APOL1, 2, 3, and 6 were differentially expressed in tumor and non-tumor tissues in the GSE14520 cohort. APOL1, 3 and 6 were differentially expressed in tumor and non-tumor tissues in the TCGA cohort (Fig. 1A,B). All APOL isoforms were differentially expressed in low and high expression groups in both cohorts (Fig. 1C,D). APOL4 was not included in the GSE14520 cohort.

Figure 1
figure 1

APOL1-6 mRNA in TCGA and GSE14520 cohorts. (AB): APOL1-6 mRNA of tumor and nontumor tissues in GSE14520 and TCGA cohorts. (CD): APOL1-6 mRNA in low and high expression groups in GSE14520 and TCGA cohorts.

Diagnostic capacity and prognostic significance analysis

From the diagnostic capacity analysis, in the GSE14520 cohort, APOL1 and APOL6 had diagnostic significance for HCC (APOL1: area under curve [AUC] 0.824, P < 0.0001; APOL6: AUC 0.775, P < 0.0001, Fig. 2A,E). In the TCGA cohort, APOL1 and APOL6 had diagnostic significance for HCC (APOL1: AUC 0.824, P < 0.0001; APOL6: AUC 0.911, P < 0.0001, Fig. 2F,K). Others showed no or weak diagnostic capacity for HCC (Fig. 2).

Figure 2
figure 2

Diagnostic capacity of APOL1-6 in GSE14520 and TCGA cohorts. (AE): Diagnostic capacity of APOL1, 2, 3, 5, and 6 in the GSE14520 cohort. (FK): Diagnostic capacity of APOL1-6 in the TCGA cohort.

From prognostic significance analysis, in the GSE14520 cohort, APOL1, APOL3 and APOL6 showed prognostic value by univariate analysis. APOL3 and APOL6 showed prognostic value for OS by multivariate analysis (Table 1, Fig. 3). APOL2, APOL3 and APOL6 showed prognostic value for RFS in both univariate and multivariate analysis (Table 1, Fig. 3). In the TCGA cohort, only APOL6 showed prognostic value for OS in univariate and multivariate analysis (Table 2, Fig. 4). APOL3 and APOL4 had prognostic value for RFS in multivariate analysis (Table 2).
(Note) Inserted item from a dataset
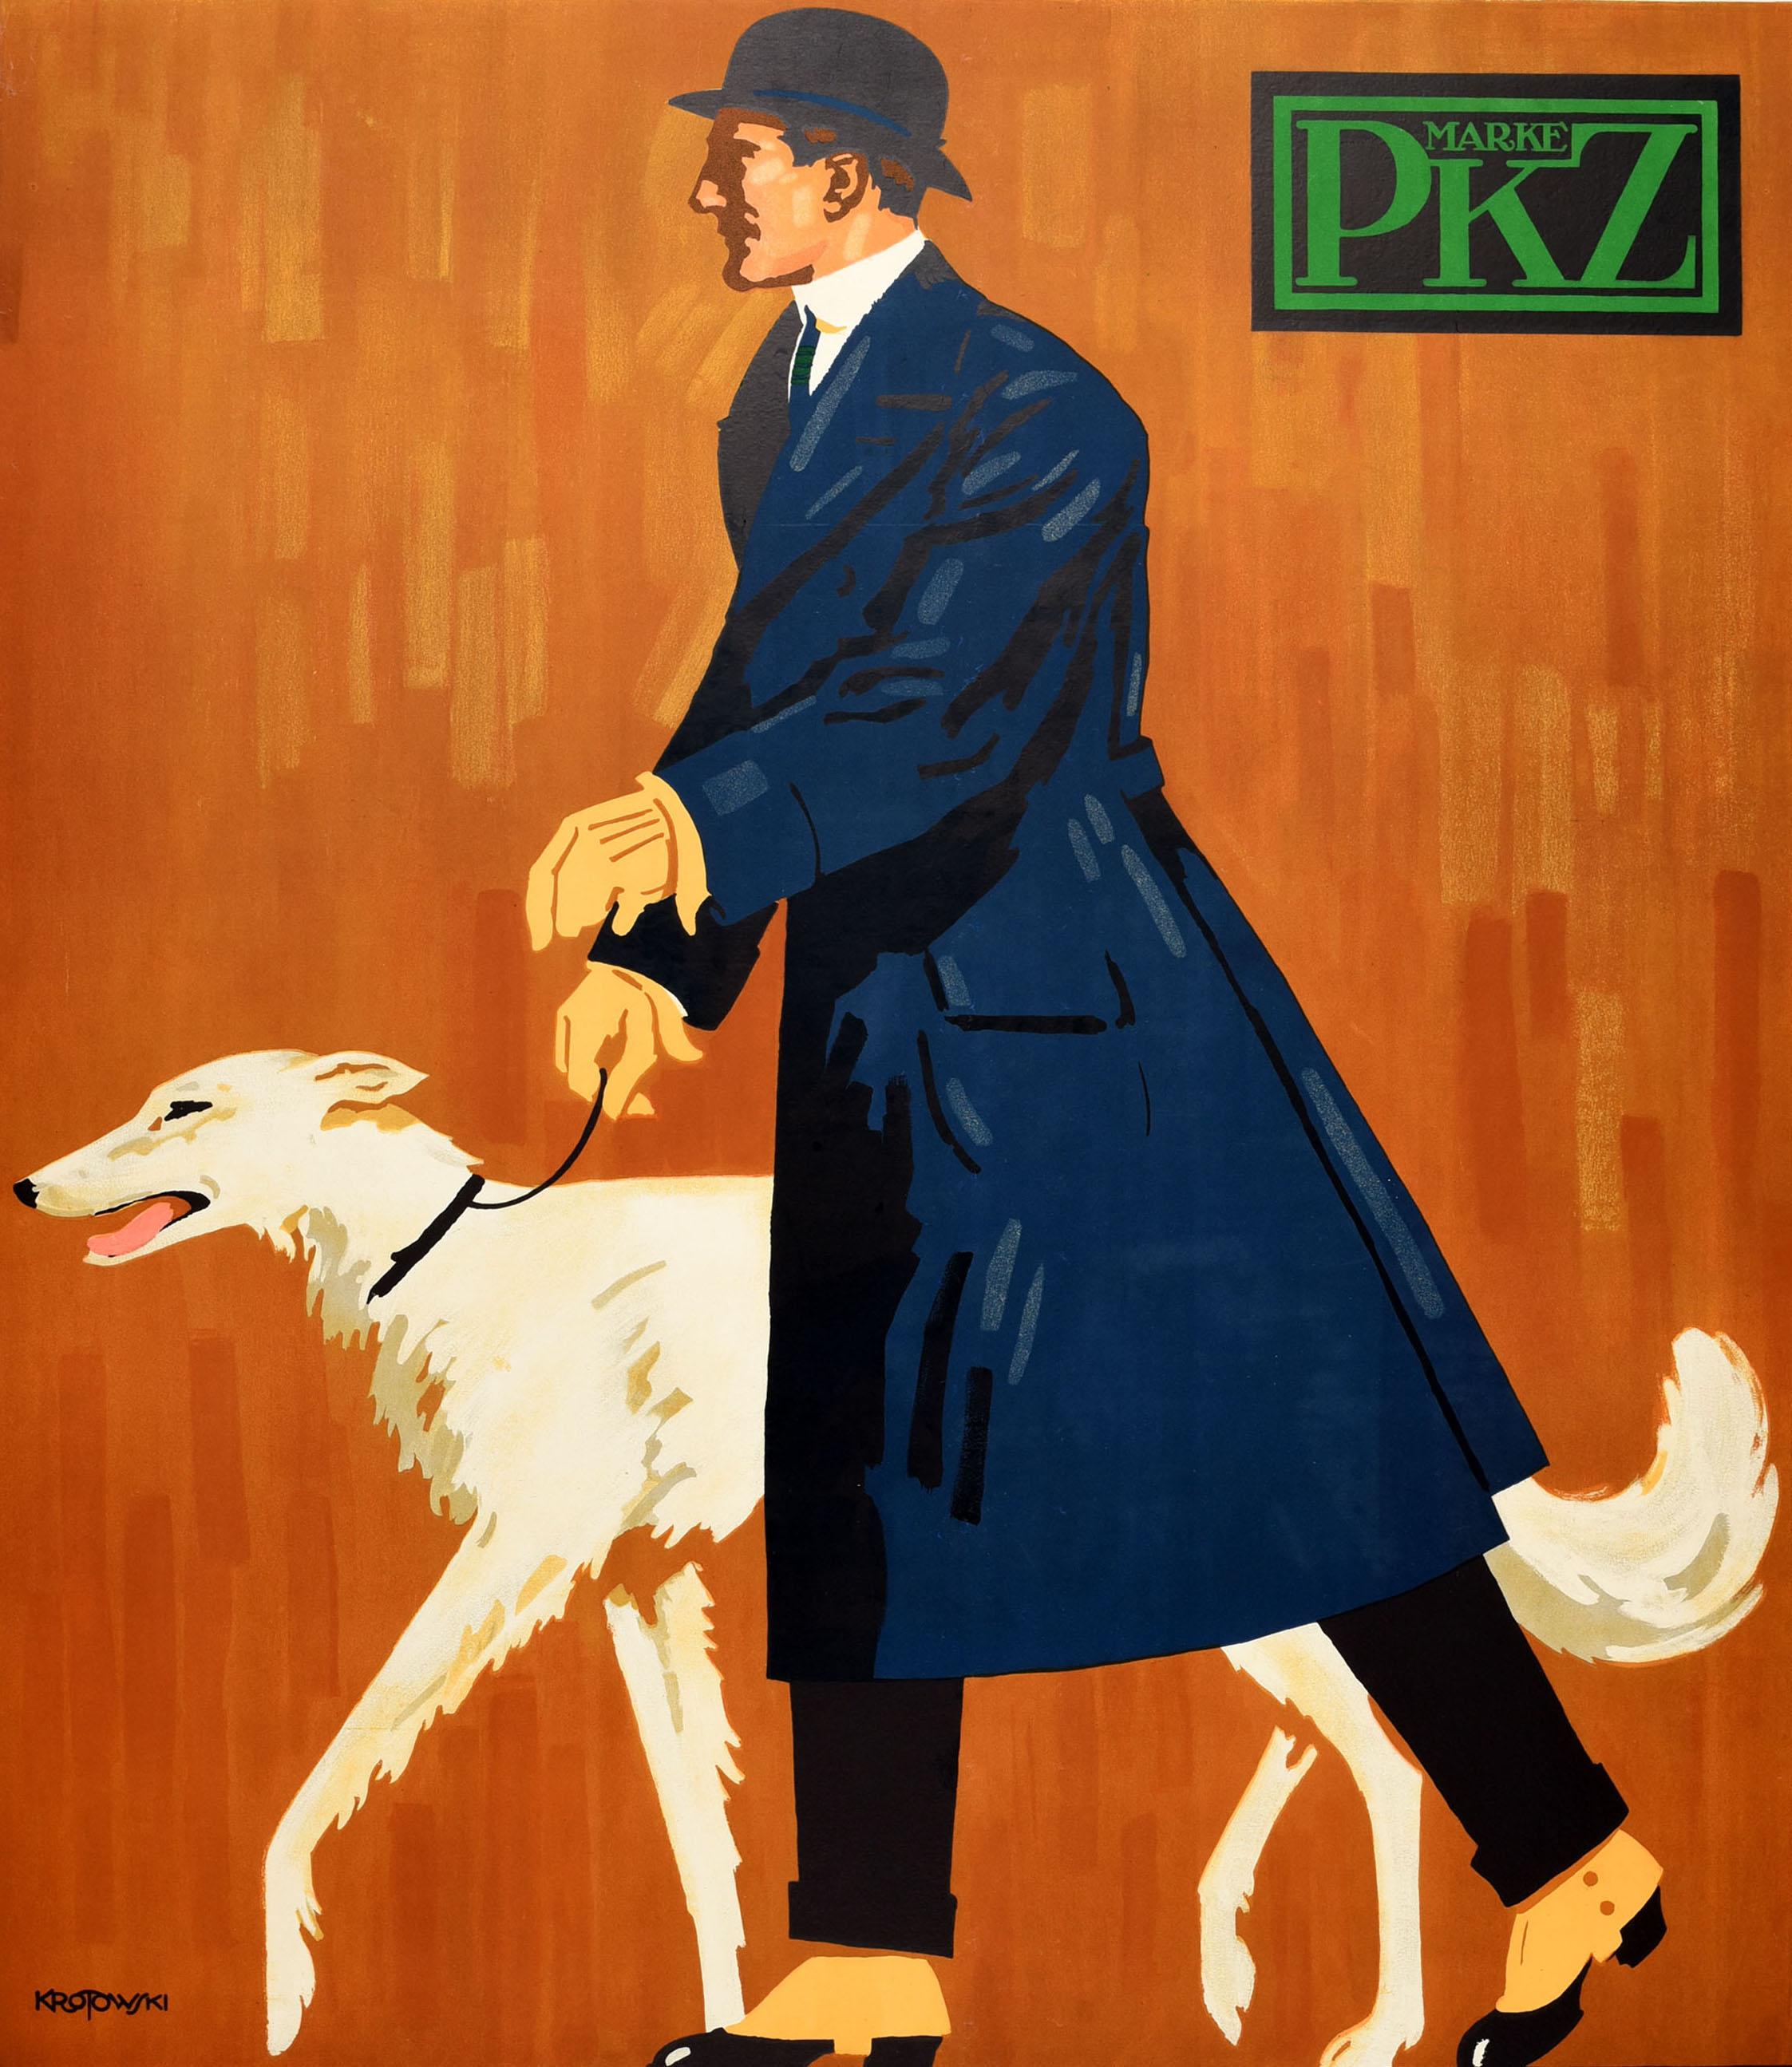 Original antique men's fashion advertising poster for Marke PKZ Burger Kehl & Co features a great design by Stephan Krotowski (1881-1948) depicting a well dressed man wearing a long blue coat over a suit with smart shoes and a hat, walking his dog

Table 1 Prognostic analysis of APOL isoforms for patient survival in GSE14520 cohort.
Figure 3
figure 3

Kaplan–Meier plots of overall survival and recurrence-free survival for APOL1, 2, 3, 5 and 6 in the GSE14520 cohort. (A, C, E, G, I): Kaplan–Meier plots of overall survival for APOL1, 2, 3, 5, and 6; (B, D, F, H, J): Kaplan–Meier plot of recurrence-free survival for APOL1-6.

Table 2 Prognostic analysis of APOL isoforms for patient survival in TCGA cohort.
Figure 4
figure 4

Kaplan–Meier plots of overall survival and recurrence-free survival for APOL1-6 in the TCGA cohort. (A, C, E, G, I, K): Kaplan–Meier plots for overall survival for APOL1-6; (B, D, F, H, J, L): Kaplan–Meier plots for recurrence-free survival for APOL1-6.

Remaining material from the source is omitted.